#### Task prompt:
From the line containing "DÈLUC - lucca" to the line containing "Lắp đặt dàn" in the records below, set down every line exactly as it stands, both ends included, and skip the pictures.
===== Data provided =====
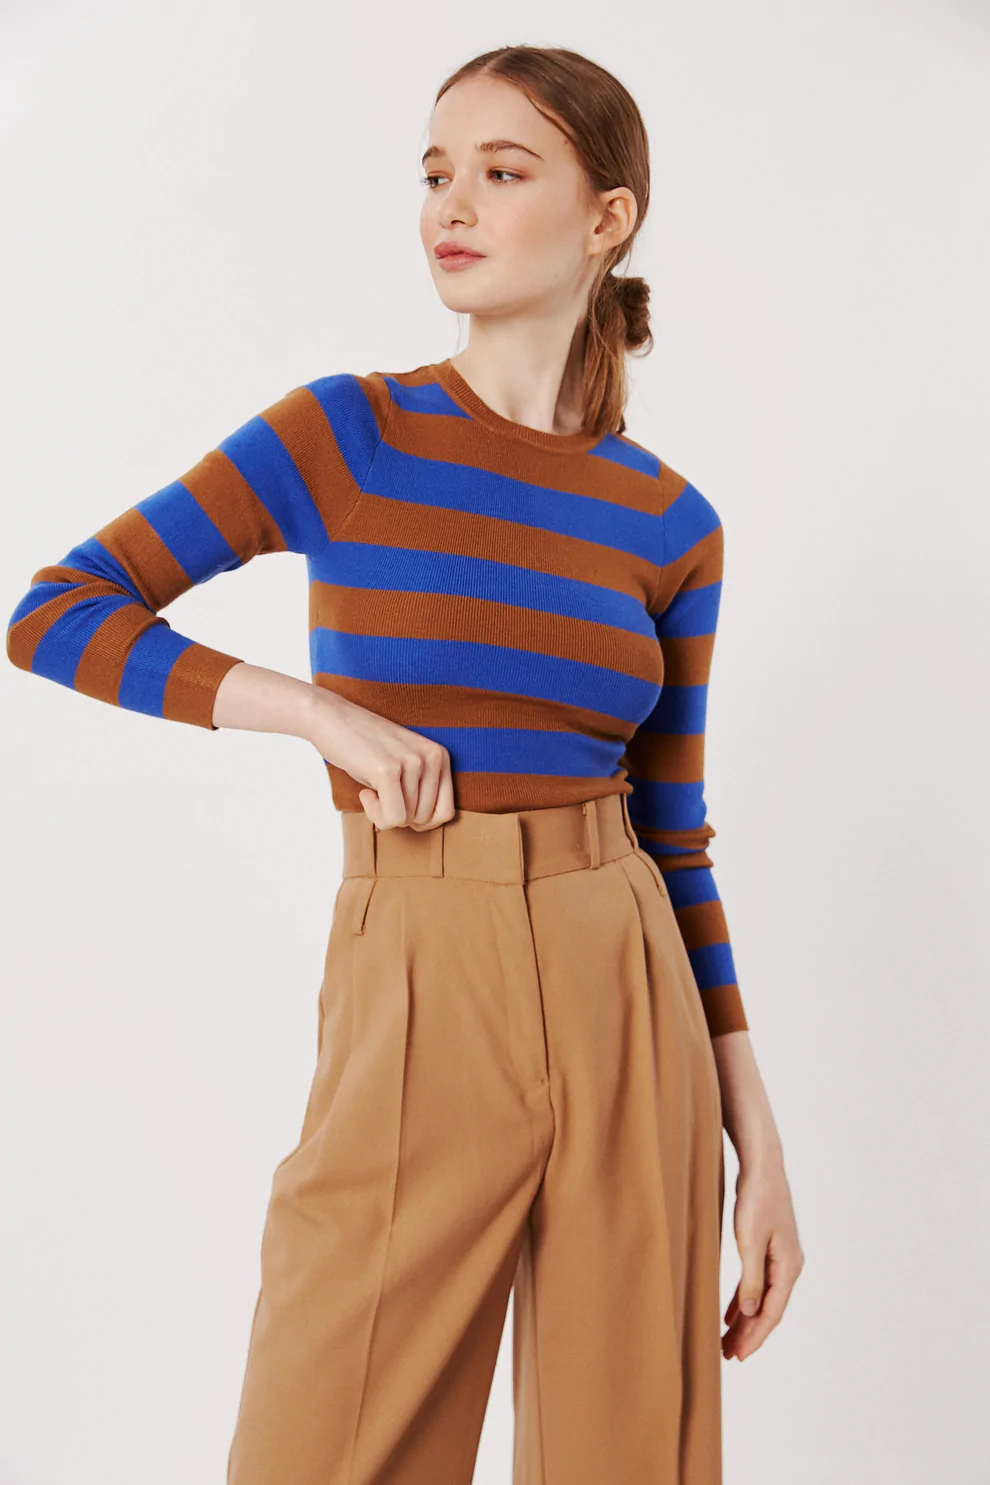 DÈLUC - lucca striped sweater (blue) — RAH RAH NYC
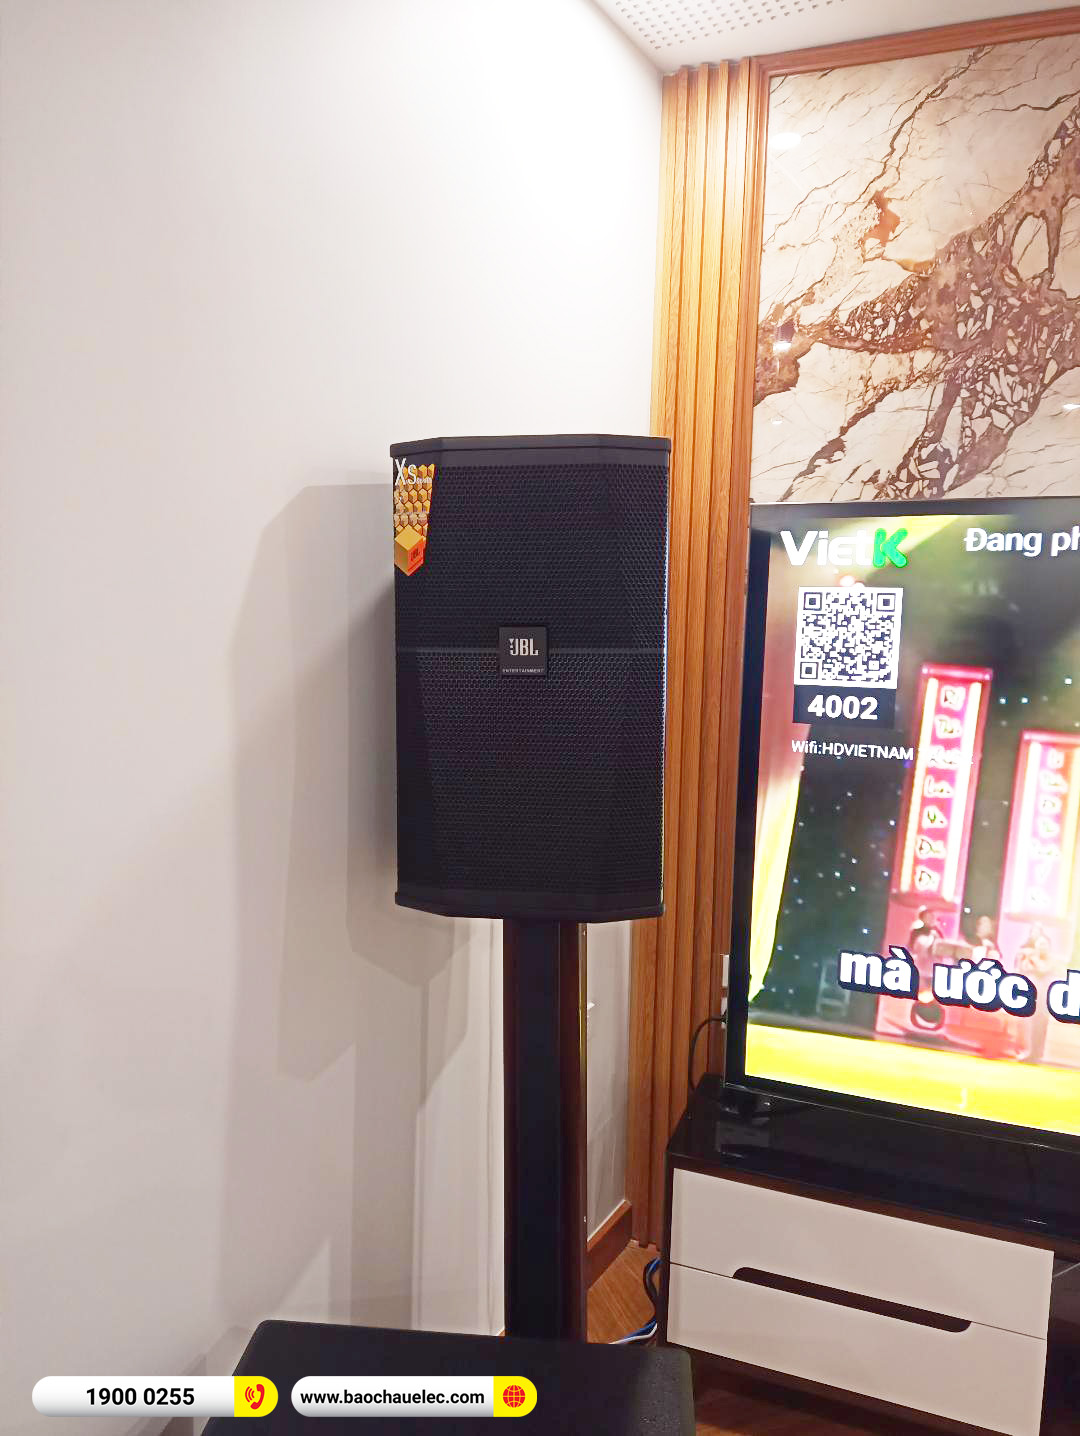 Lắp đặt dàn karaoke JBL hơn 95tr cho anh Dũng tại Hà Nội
=====
===== Data provided =====
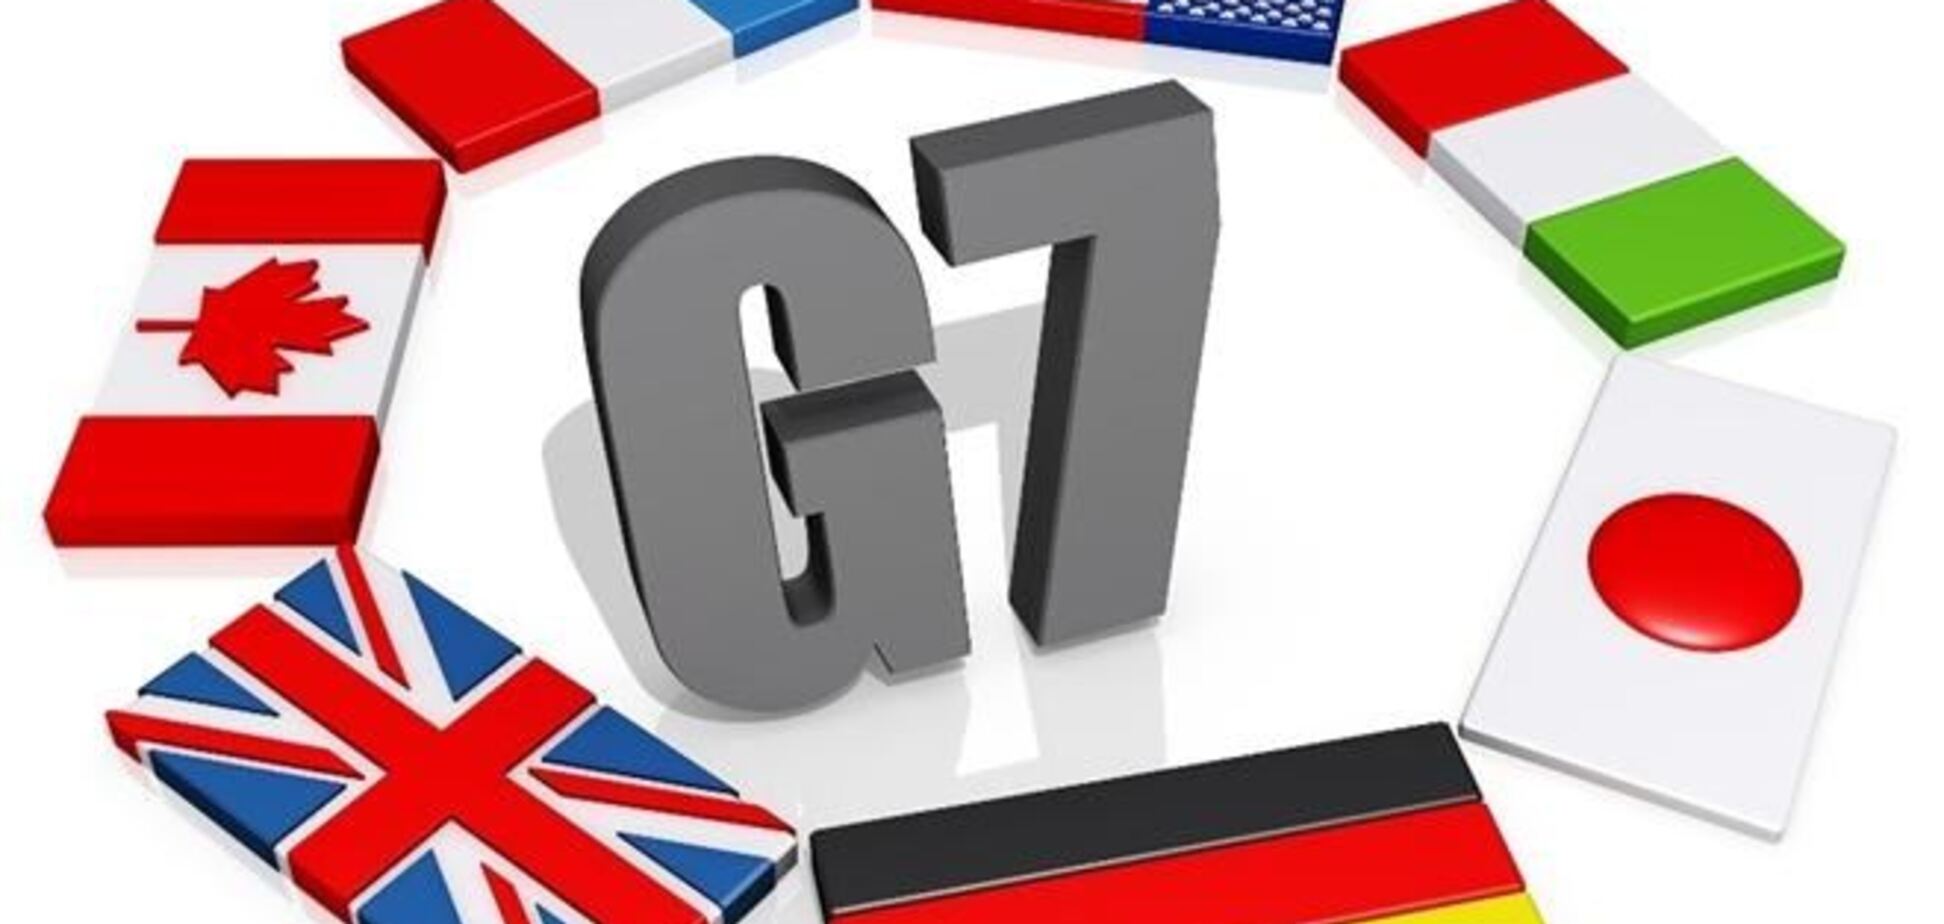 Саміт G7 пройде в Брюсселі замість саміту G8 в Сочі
=====
===== Data provided =====
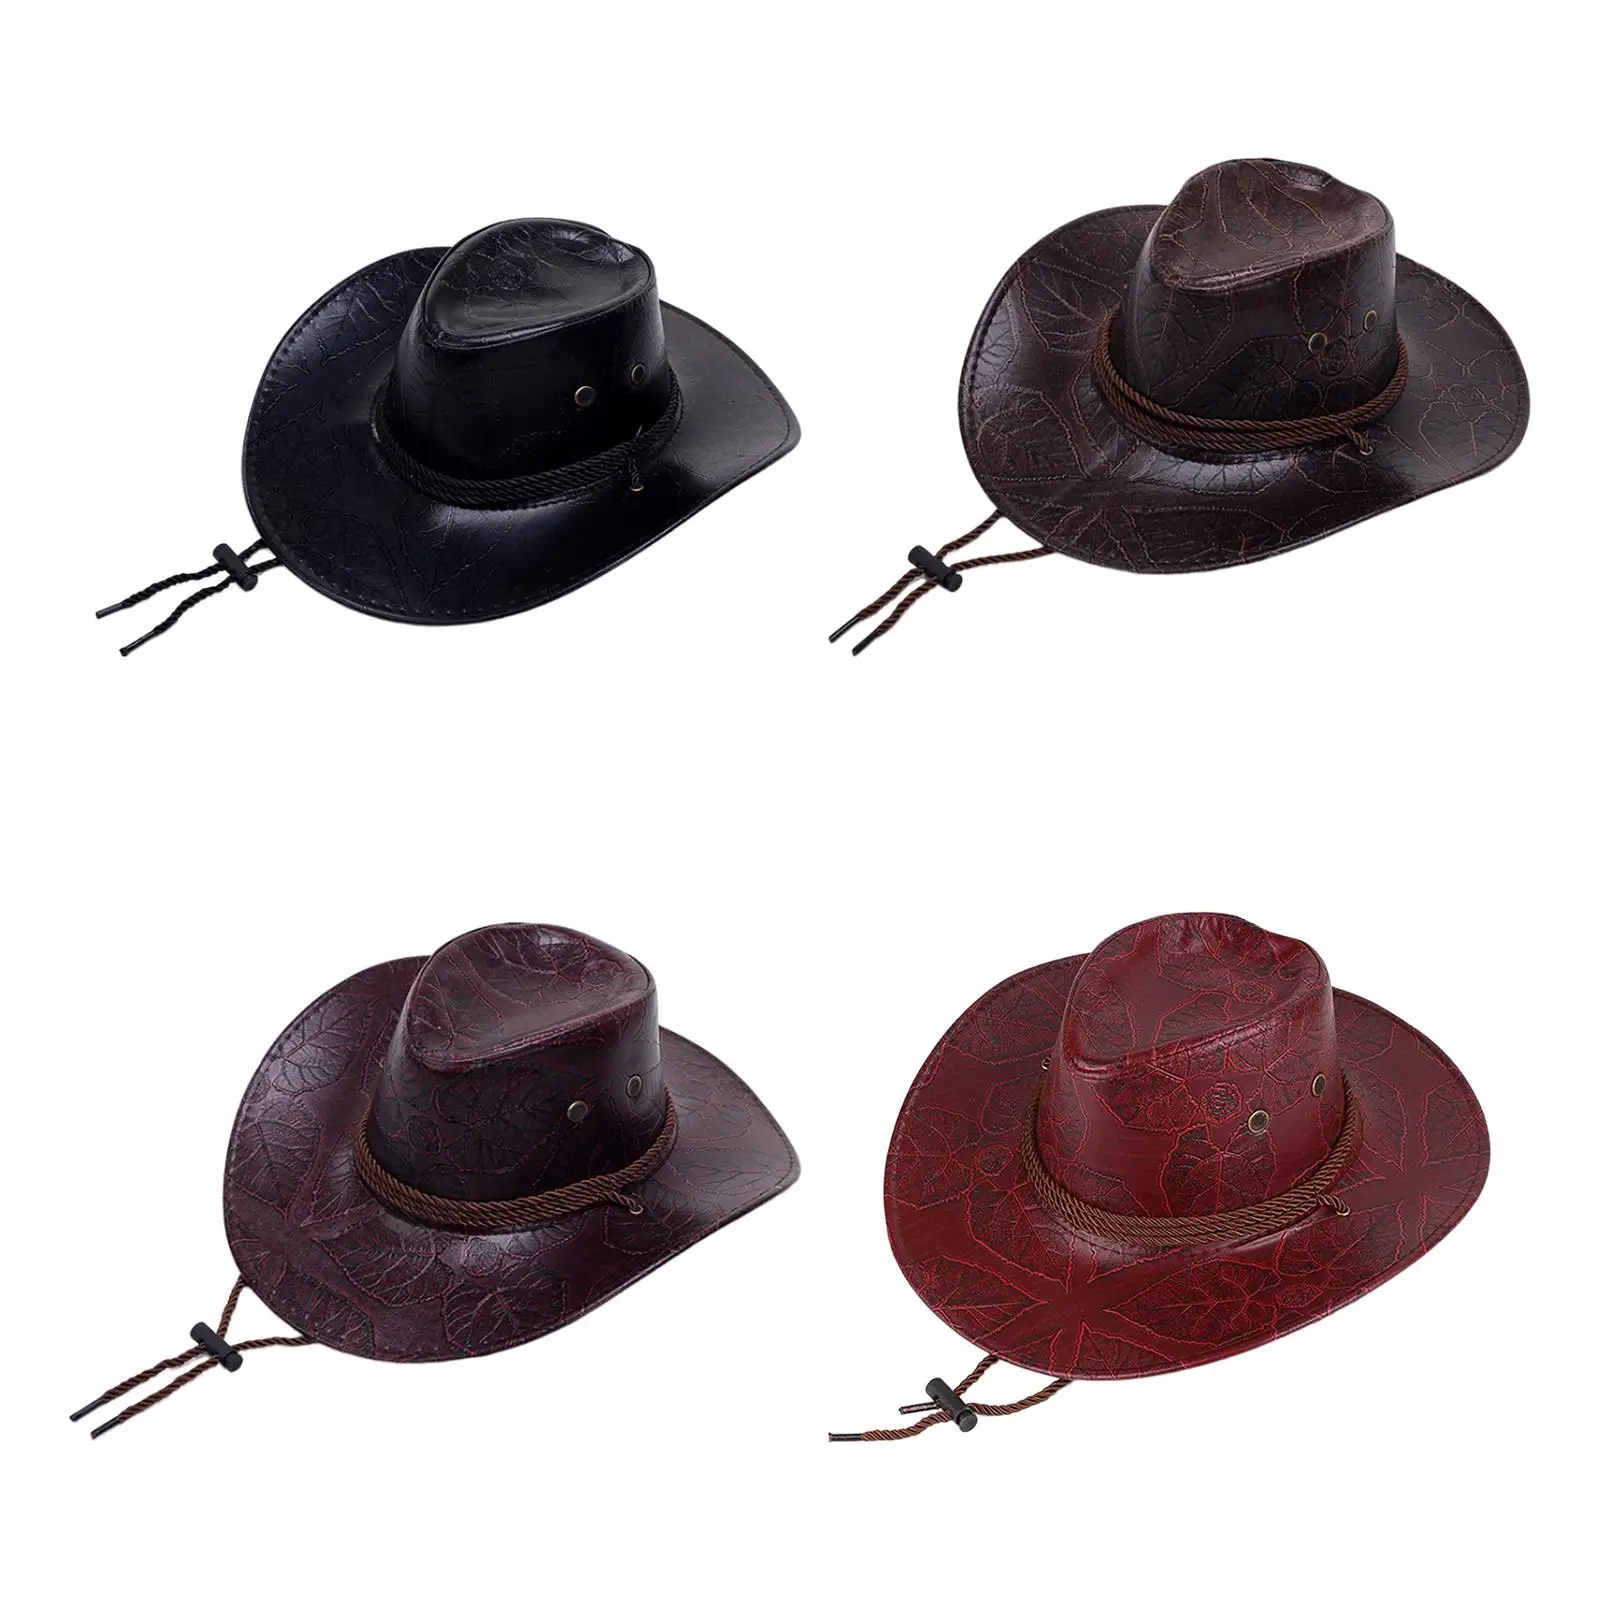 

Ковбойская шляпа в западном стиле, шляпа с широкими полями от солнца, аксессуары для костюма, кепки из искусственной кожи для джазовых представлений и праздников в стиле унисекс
=====
#### Solution to the problem:
 DÈLUC - lucca striped sweater (blue) — RAH RAH NYC
 Lắp đặt dàn karaoke JBL hơn 95tr cho anh Dũng tại Hà Nội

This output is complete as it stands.